Materials and methods
Sample collection and DNA preparation
Nine HCC cell lines (HepG2, Hep3B, HLE, HLF, HuH1, HuH2, HuH7, PLC/PRF/5 and SK-Hep1) were obtained from the American Type Culture Collection (ATCC, Manassas, VA, USA). All cell lines were cultured in Roswell Park Memorial Institute (RPMI)-1640 medium supplemented with 10% fetal bovine serum and incubated in 5% CO2 at 37°C.A 68-year-old woman with chronic hepatitis C was diagnosed with HCC in the right lobe and biochemical examination showed that des-gamma-carboxy (DCP) prothrombin level was as high as 7029 mAU/mL whereas alpha-fetoprotein (AFP) level was 9 ng/mL. She underwent partial liver resection. Specimens of her tumor and adjacent non-tumorous tissues were excised. The tumor was pathologically confirmed as moderately differentiated HCC and the surrounding parenchymal tissue showed liver cirrhosis.HCC tissue (HT) and normal tissue (NT) samples were obtained from 48 patients (43 males, five females, aged between 39–77 years, mean ± standard deviation [SD], 62.4 ± 7.9 years) who underwent liver resection at Nagoya University Hospital, Nagoya, Japan between 1994 and 2001. Thirty-eight patients had hepatitis C and seven had hepatitis B. The median duration of follow-up was 80.7 months (range 15.2–213.1 months). All tissues were reviewed pathologically to confirm the diagnosis of HCC. Written informed consent, as required by the institutional review board was obtained from all patients. The tissue samples were immediately frozen in liquid nitrogen and stored at −80°C until required. Genomic DNA was obtained from tissue samples by proteinase K digestion, followed by phenol/chloroform extraction.
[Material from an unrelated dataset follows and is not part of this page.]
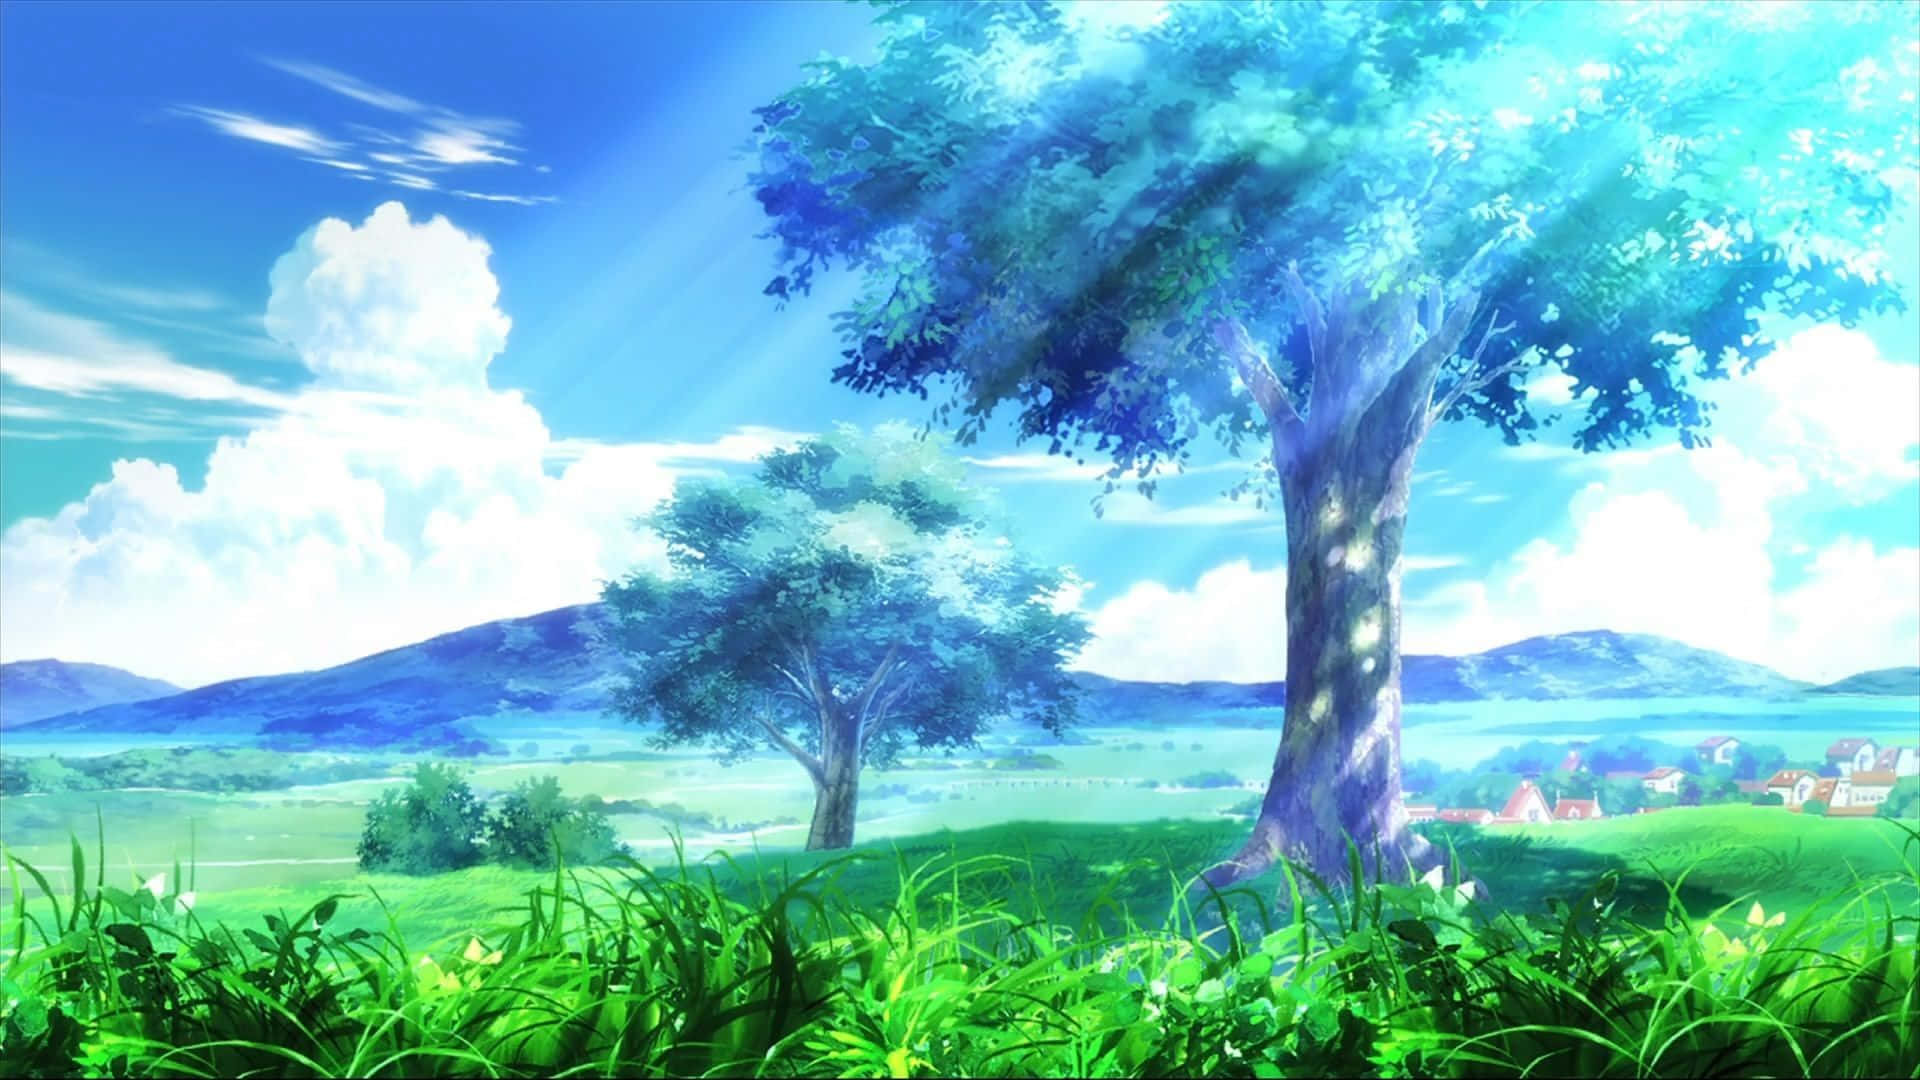 “a Moment Of Calm - Cute Anime Scenery”
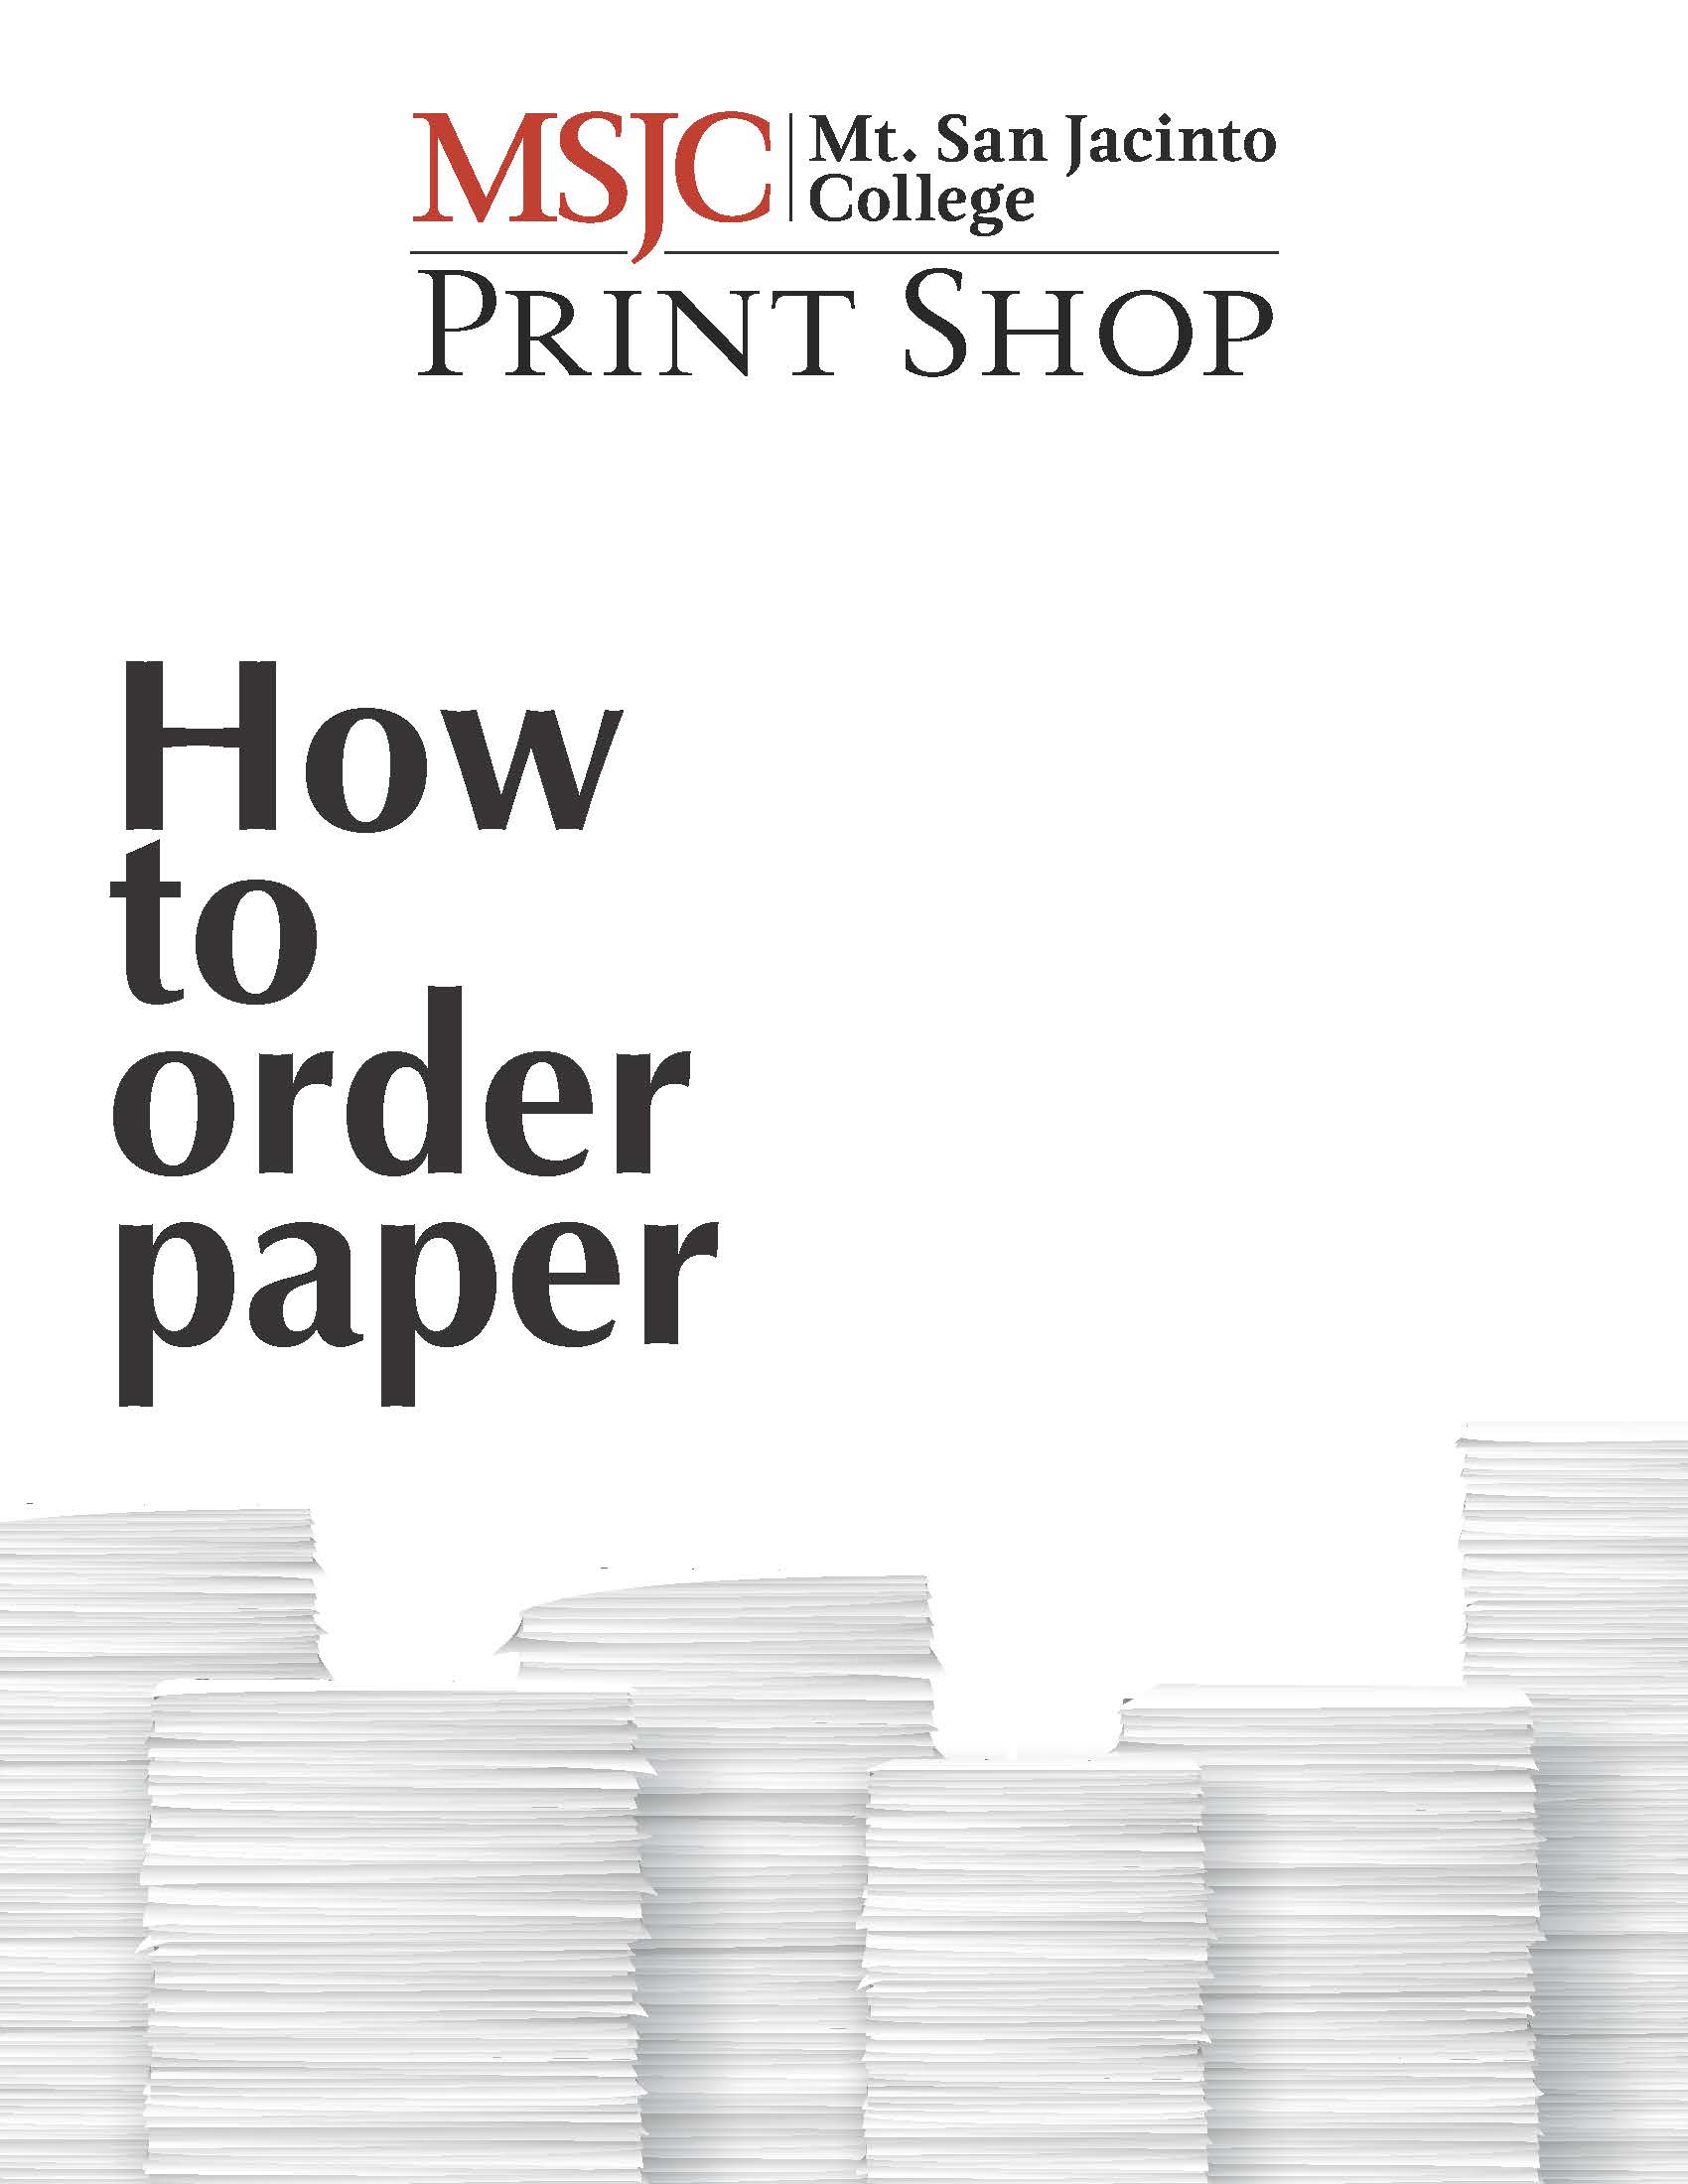 How to Order Paper from the MSJC Print Shop

Ribonucleic acid isolation, microarray, and gene chip affymetrix procedures
Gene expression and SNP arrays were performed as previously described,9–14 using total ribonucleic acid (RNA) and DNA extracted from tissue samples taken from the 68-year-old female patient described above. Total RNA and DNA were extracted from an area consisting of >80% cancerous cells. RNA was isolated from each of the frozen samples with the RNeasy mini kit (Qiagen, Chatsworth, CA, USA) according to the manufacturer’s protocol. Total RNA was processed for expression array analysis by Affymetrix HGU133A and HGU133B Gene Chips (Affymetrix, Santa Clara, CA, USA). Genomic DNA was used for SNP-Chip array analysis by Affymetrix GeneChip Mapping 500 K arrays (Affymetrix).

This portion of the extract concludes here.